§ Exercise: Only certain lines below are wanted: those starting at the line containing "tao+c-Bookstore-Su Sheng Liang-Visual" and ending at the line containing "The Arena (amphiteatre), Piazza", both included, each retyped exactly.

§ Records for this exercise:

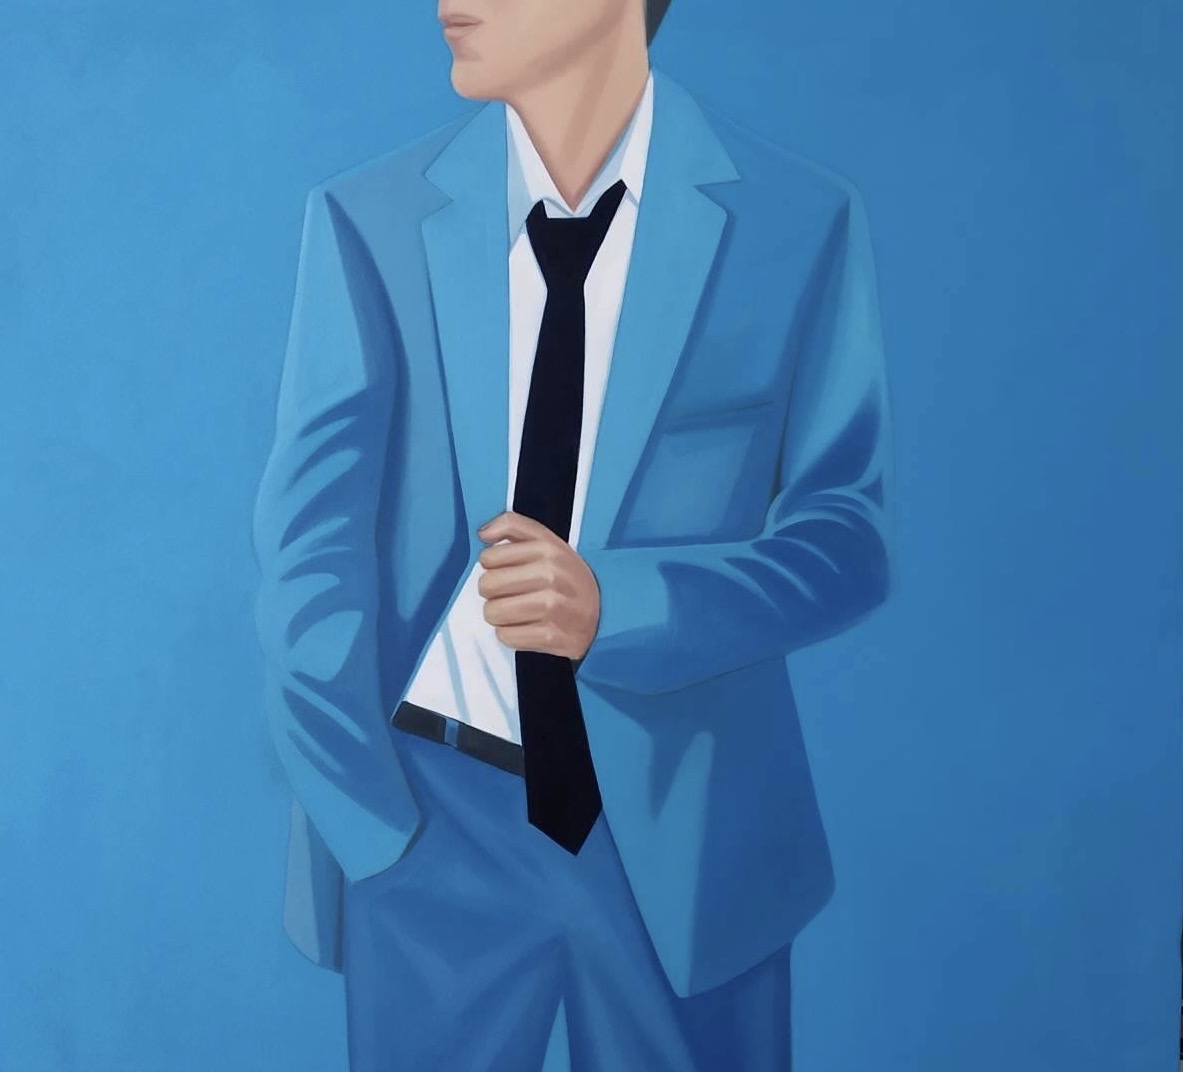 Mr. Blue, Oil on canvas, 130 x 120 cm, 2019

...

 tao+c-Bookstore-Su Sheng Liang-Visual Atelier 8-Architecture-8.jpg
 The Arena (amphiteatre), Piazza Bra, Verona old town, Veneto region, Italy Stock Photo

§ The answer:
 tao+c-Bookstore-Su Sheng Liang-Visual Atelier 8-Architecture-8.jpg
 The Arena (amphiteatre), Piazza Bra, Verona old town, Veneto region, Italy Stock Photo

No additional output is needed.